С Волошиным Цветаева подружилась, бывала у него в Коктебеле. Кстати, именно там, весной 1911 года, она встретила своего будущего мужа – Сергея Эфрона. «Писала я на аспидной доске, и на листочках вееров поблеклых, и на речном, и на морском песке, коньками по льду и кольцом на стеклах, – и на стволах, которым сотни зим… И, наконец, – чтоб было всем известно! – что ты любим! любим! любим! любим! – расписывалась – радугой небесной…»
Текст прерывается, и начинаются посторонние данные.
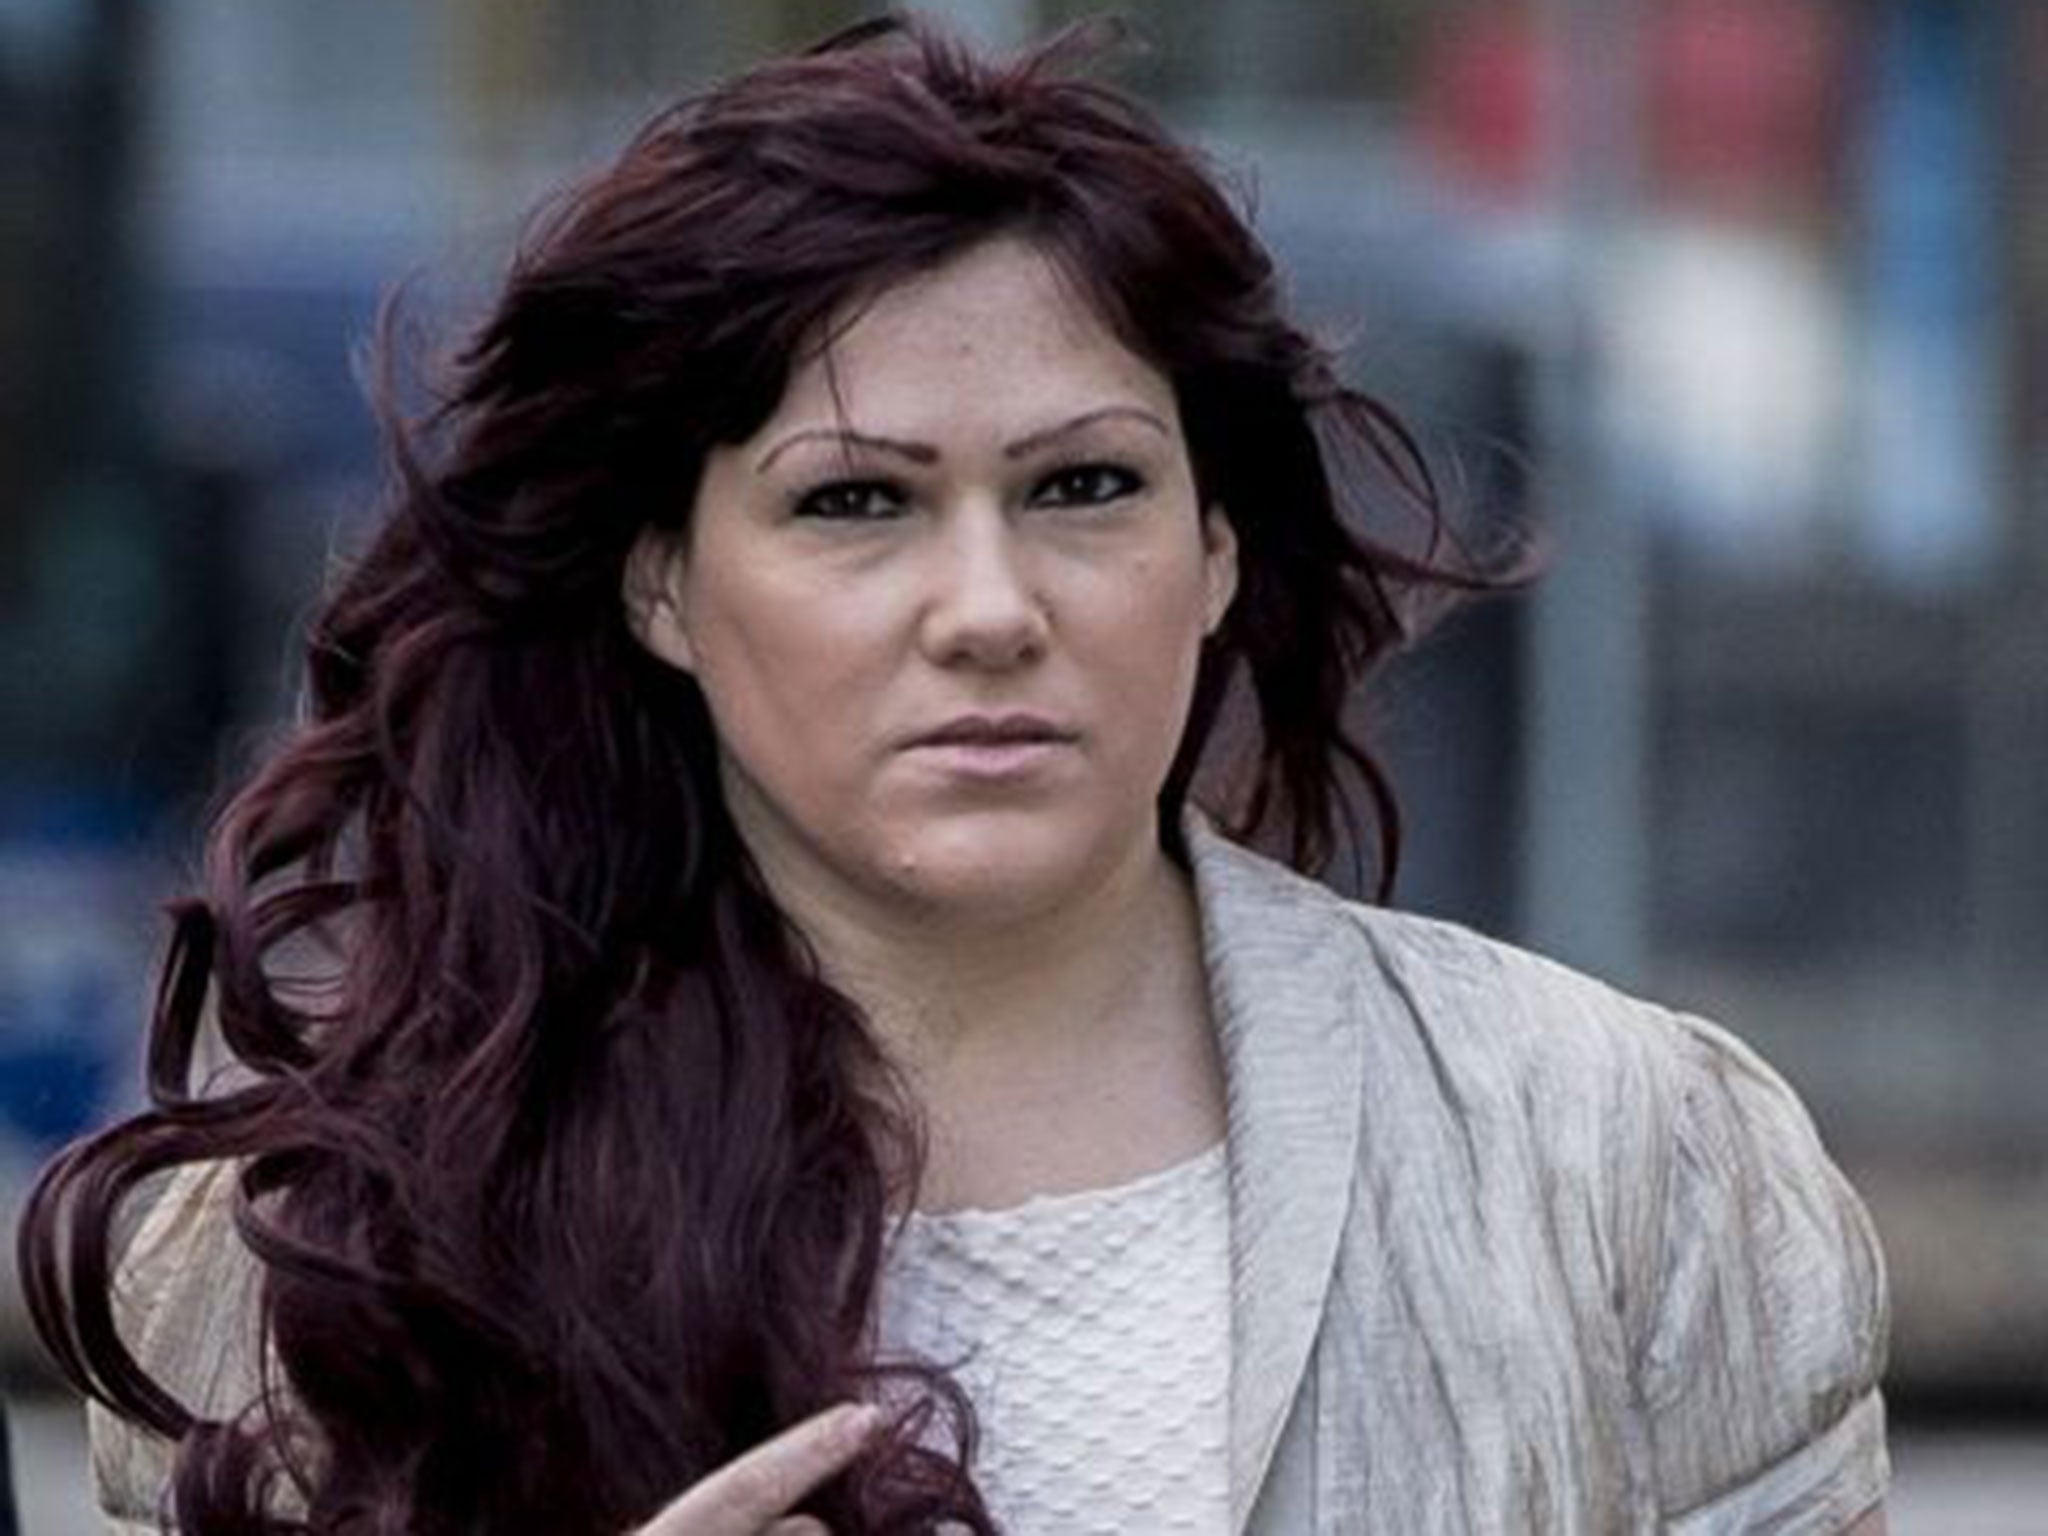 Ian Watkins trial Singers ex-girlfriend Joanne Mjadzelics took mother of baby he wanted to rape to police, court told The Independent The Independent

В 1912 году Цветаева и Эфрон поженились. В том же году родилась дочь Ариадна и вышел второй сборник стихов – «Волшебный фонарь». В «Предисловии», предпосланном изданному через год еще одному сборнику «Из двух книг», Цветаева писала: «Все это было. Мои стихи – дневник, моя поэзия – поэзия собственных имен. Все мы пройдем. Через пятьдесят лет мы будем в земле. Будут новые лица под вечным небом. И мне хочется крикнуть всем еще живущим: Пишите. Пишите больше! Закрепляйте каждое мгновение, каждый жест, каждый вздох! Но не только жест – и форму руки, его кинувшей; не только вздох – и вырез губ, с которых он, легкий, слетел. Не презирайте „внешнего“! Цвет ваших глаз столь же важен, как их выражение; обивка дивана – не менее слов, на нем сказанных. Записывайте точнее! Нет ничего не важного! Говорите о своей комнате: высока она, или низка, и сколько в ней окон, и какие на них занавески, и есть ли ковер, и какие на нем цветы? Цвет ваших глаз и вашего абажура, разрезательный нож и узор на обоях, драгоценный камень на любимом кольце, – все это будет телом вашей оставленной в огромном мире бедной, бедной души…»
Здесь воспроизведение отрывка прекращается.